Reference : Innovative semiconducting oxide materials reducing the energy footprint of buildings
Scientific congresses and symposiums : Unpublished conference/Abstract
Physical, chemical, mathematical & earth Sciences : Chemistry
Innovative semiconducting oxide materials reducing the energy footprint of buildings
Dewalque, Jennifer mailto [Université de Liège > Département de chimie (sciences) > LCIS - GreenMAT >]
Maho, Anthony [Université de Liège > Département de chimie (sciences) > LCIS - GreenMAT >]
Spronck, Gilles [Université de Liège > Département de chimie (sciences) > LCIS - GreenMAT >]
Colson, Pierre [Université de Liège > Département de chimie (sciences) > LCIS - GreenMAT >]
Cloots, Rudi [Université de Liège > Département de chimie (sciences) > LCIS - GreenMAT >]

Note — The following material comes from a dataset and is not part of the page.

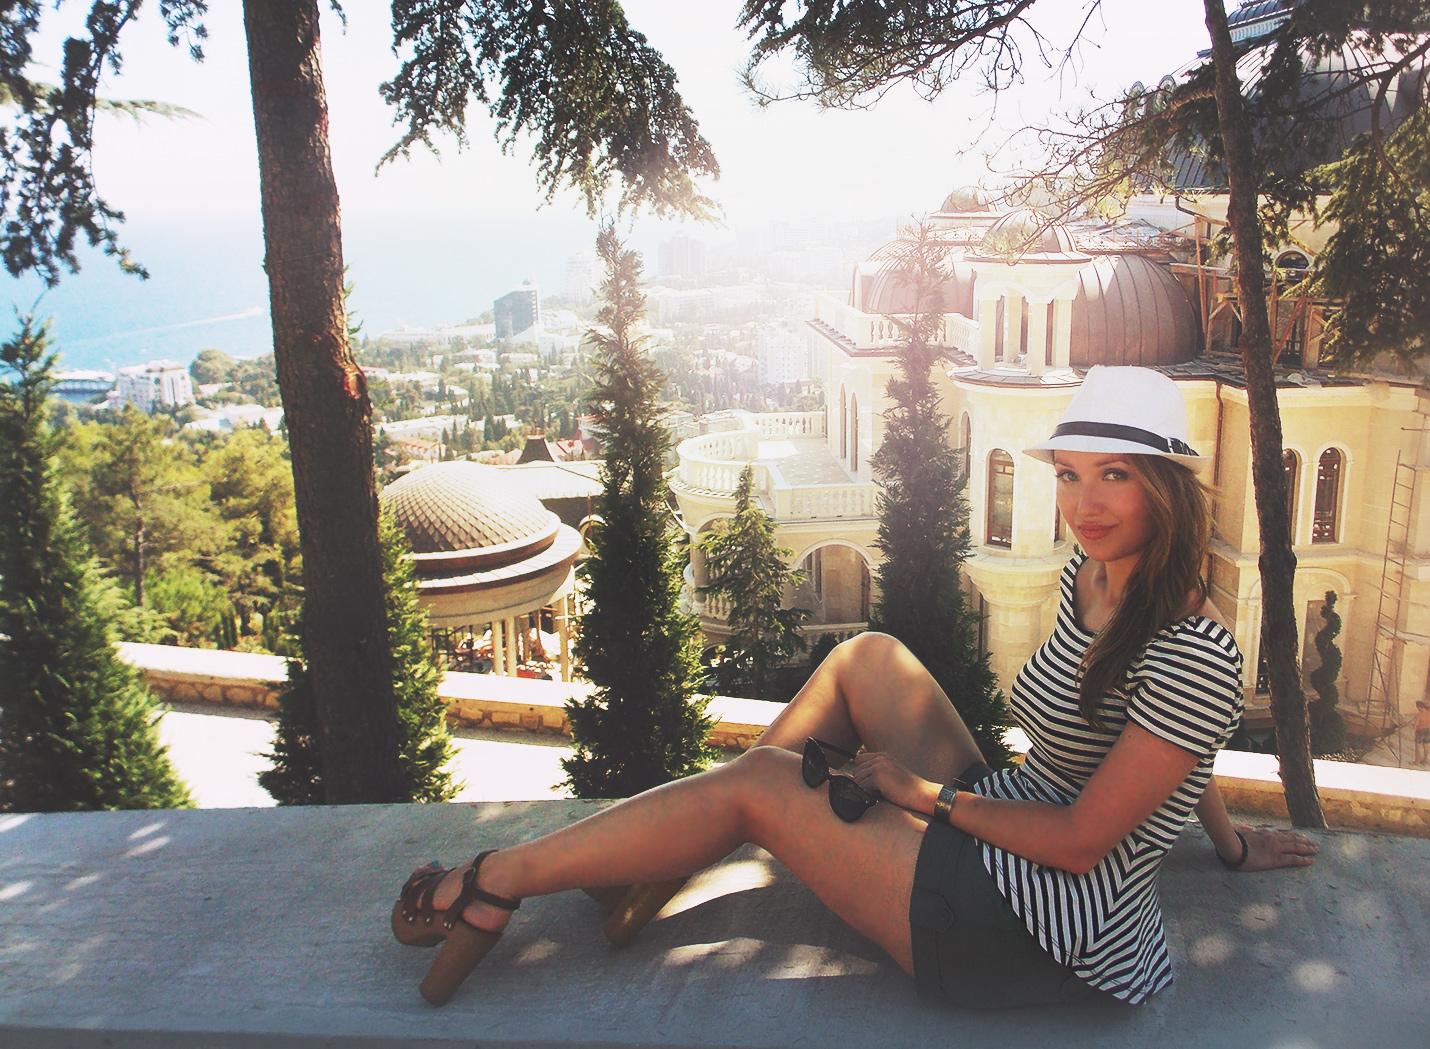 одеть на отдых, что одеть в отпуск на море, что одеть в отпуск, ялта отпуск, отпуск в ялте 2015, одежда для отпуска, одежда для отпуска на море, одежда для отпуска фото, summer outfit

Henrist, Catherine [Université de Liège > Département de chimie (sciences) > LCIS - GreenMAT >]
2015 Annual Meeting of Belgian Ceramic Society
26 octobre 2015
Belgian Ceramic Society
[en] Dye-sensitized solar cells ; Electrochromic devices ; Nano/mesostructuration ; Templating ; Ultrasonic spray pyrolysis
[en] In the current energy context, many efforts are devoted to the reduction of the energy footprint of buildings.
To meet this challenge, the LCIS-GREENMAT laboratory developes a front edge research in the field of advanced materials associated to energy and environment, including structured materials for dye-sensitized solar cells (DSSCs) and electrochromic coatings.
DSSCs have been reported by O’Regan and Grätzel in the early nineties as a very promising alternative to conventional photovoltaic silicon devices. Main benefits of these cells are their low cost as well as their mild manufacturing process. In most of the specific literature, DSSCs are made of TiO2 films prepared by doctor-blade or screen-printing of anatase nanoparticles paste. However, due to the random organization of the nanoparticles, pore accessibility by the dye and electrolyte could be incomplete. Moreover, some anatase crystallites could suffer from a lack of connectivity, leading to electron transfer issues.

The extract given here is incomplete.